Fast forward to 2018 and the trend has reversed. While 20 percent of the U.S. population lives in multigenerational households, the percentage is even higher for Hispanic families (27 percent).

This cohort is poised to have a profound effect on real estate development, home financing and the overall housing market.

“Homeownership has always been a central pillar of Hispanic identity as it relates to economic prosperity,” says Scott Astrada, director of federal advocacy at the Center for Responsible Lending.

Marisa Calderon, executive director of the National Association of Hispanic Real Estate Professionals (NAHREP), agrees, noting that Hispanic communities see homeownership as a key part of long-term stability for their families. “What’s encouraging to me about the Hispanic community is that ... the enthusiasm for homeownership never waned,” she says, referring to the aftermath of the housing crisis of over a decade ago.

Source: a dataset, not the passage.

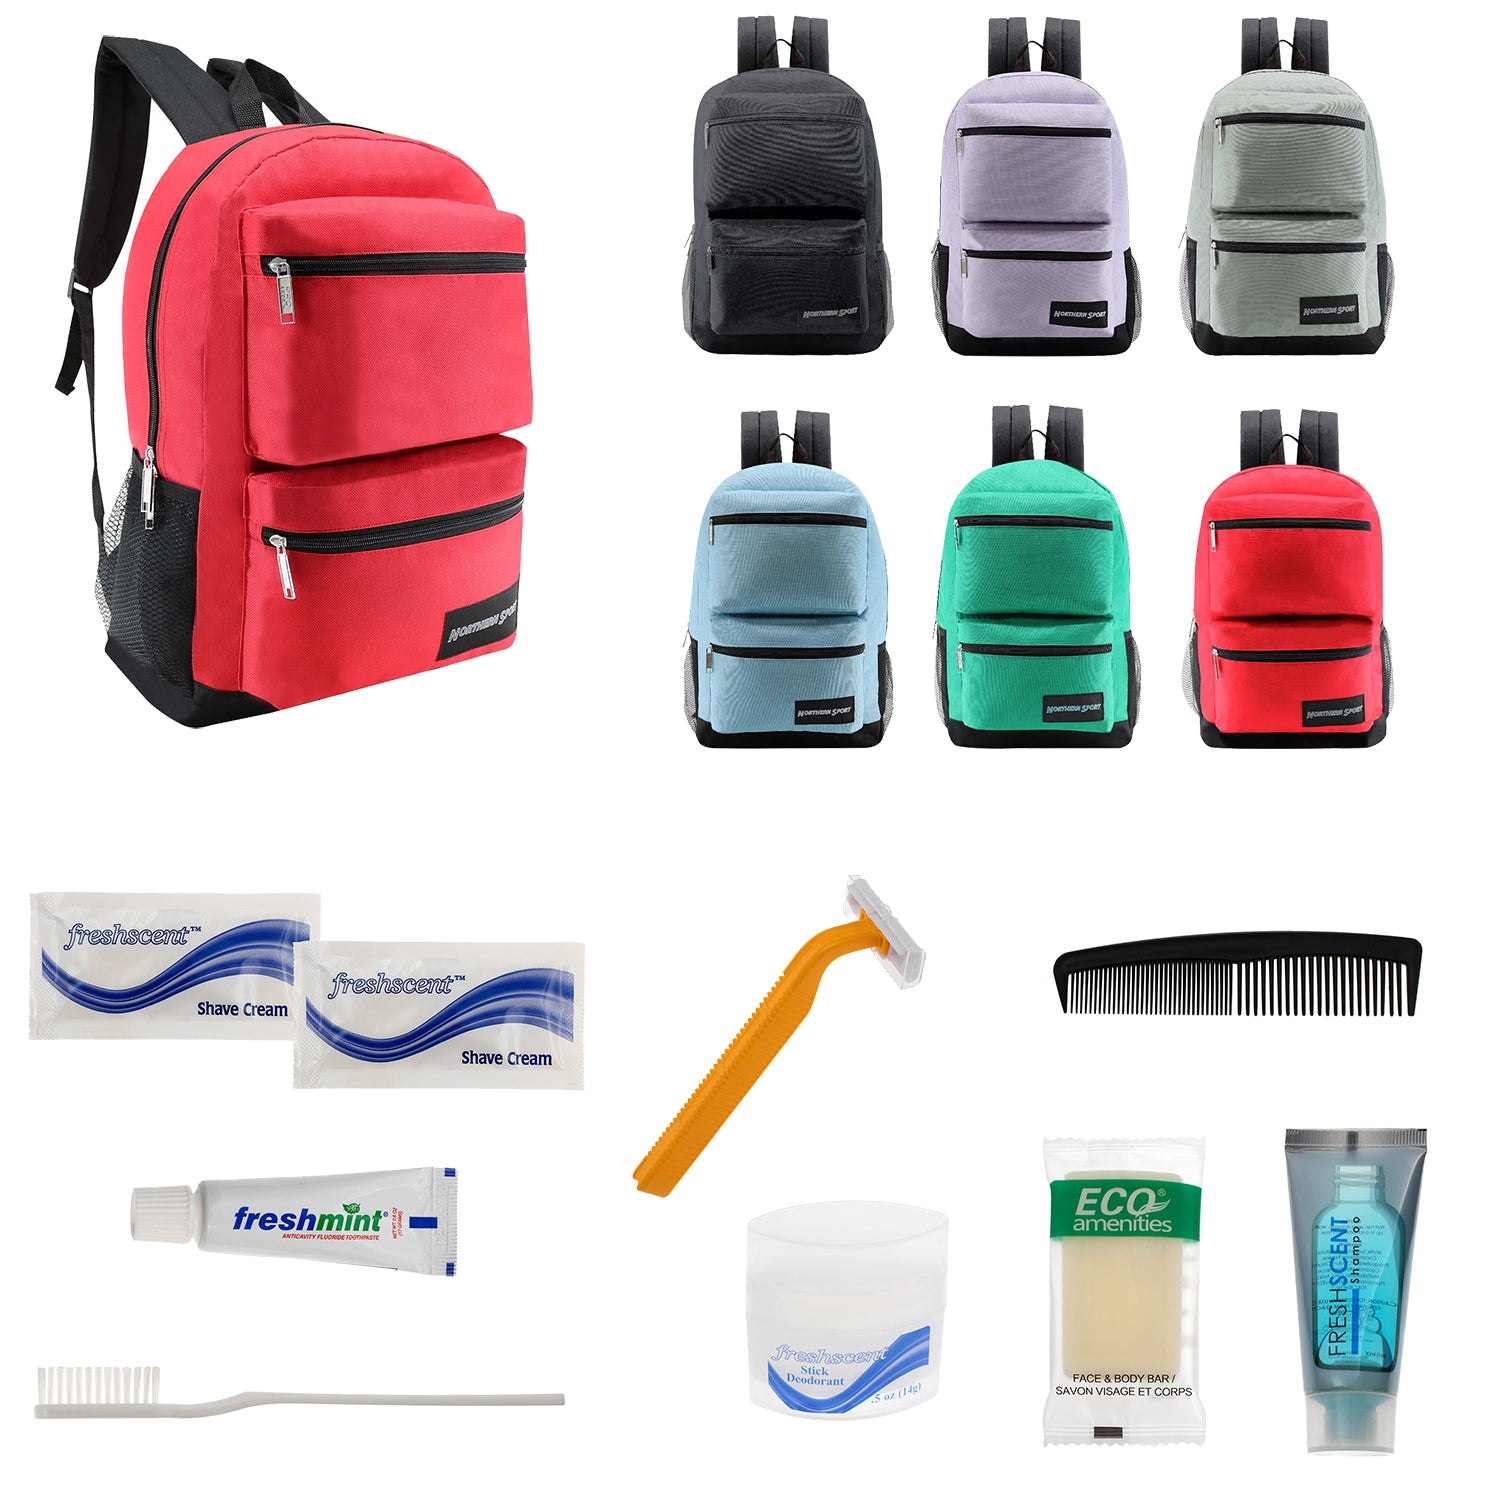 Bulk Case of 12 19" Backpacks and 12 Hygiene / Toiletries Kit - Wholesale Care Package - Disaster Relief Kit, Homeless, Charity
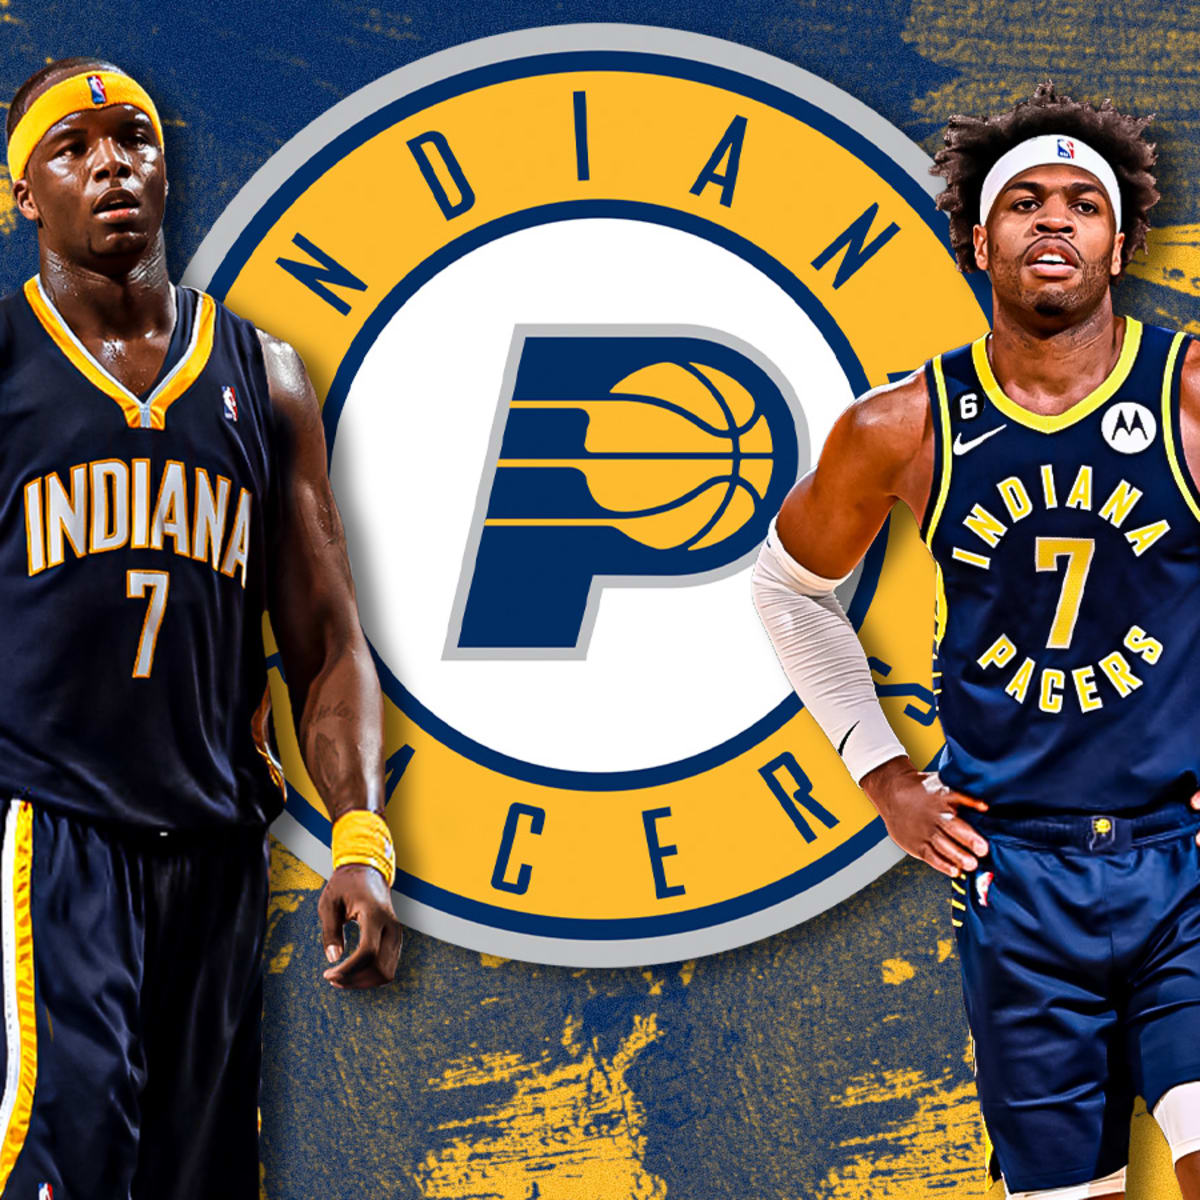 Indiana Pacers guard Buddy Hield changing jersey number from 24 to 7 -  Sports Illustrated Indiana Pacers news, analysis and more

“20 percent of the U.S. population is living in multigenerational households”

Calderon also notes that Hispanic communities tend to have a strong sense of family, which plays out when several generations live together. It is not uncommon for homebuyers to pool monies as gifts from family members to purchase a home. One study found that Hispanics are 74 percent more likely to be persuaded on product purchases by their children compared to non-Hispanics. “Understanding that homebuying may be experienced as a multigenerational process is an important element for mortgage professionals working in the community,” Calderon says.

Here are some facts about buyers of multigenerational homes in 2017, according to the National Association of Realtors: Their median age was 53, median income was $91,000 and 30 percent were first-time home buyers.

Think Local, National and International

But be careful not to paint the community with a broad brush. “I’m from Texas, home to a large Mexican- American population,” says Danny Gardner, senior vice president of Single-Family Affordable Lending & Access to Credit at Freddie Mac. “As I’ve moved to the middle Atlantic, I’ve found that most people of Hispanic origin tend to be from El Salvador. In other parts of the country, such as south Florida, I might find more Cuban and Caribbean Hispanics. Be sure to understand your local market because not all communities are the same.”

The Little Differences

Every transaction can be a little different. In addition to agents potentially needing to help a family find a multigenerational home, lenders might have to account for multiple income sources paying for a home. As the gig economy has become more prevalent for millennials and even baby boomers, members of this new diverse group of homeowners don’t always have just one W-2 form to show their lender. So, there might be income from several people to pay for the home, which could be generated through the gig economy, an entrepreneurial venture or traditional employment. Lenders who are comfortable assessing income from multiple sources will better serve all homebuyers of the future.

Freddie Mac’s Gardner agrees, adding that lenders should think about potential barriers in their origination platform, whether it be something as broad as clearly communicating lending guidelines to consumers or something as simple as modifying the number of signature lines available on loan applications or mortgage note and deed.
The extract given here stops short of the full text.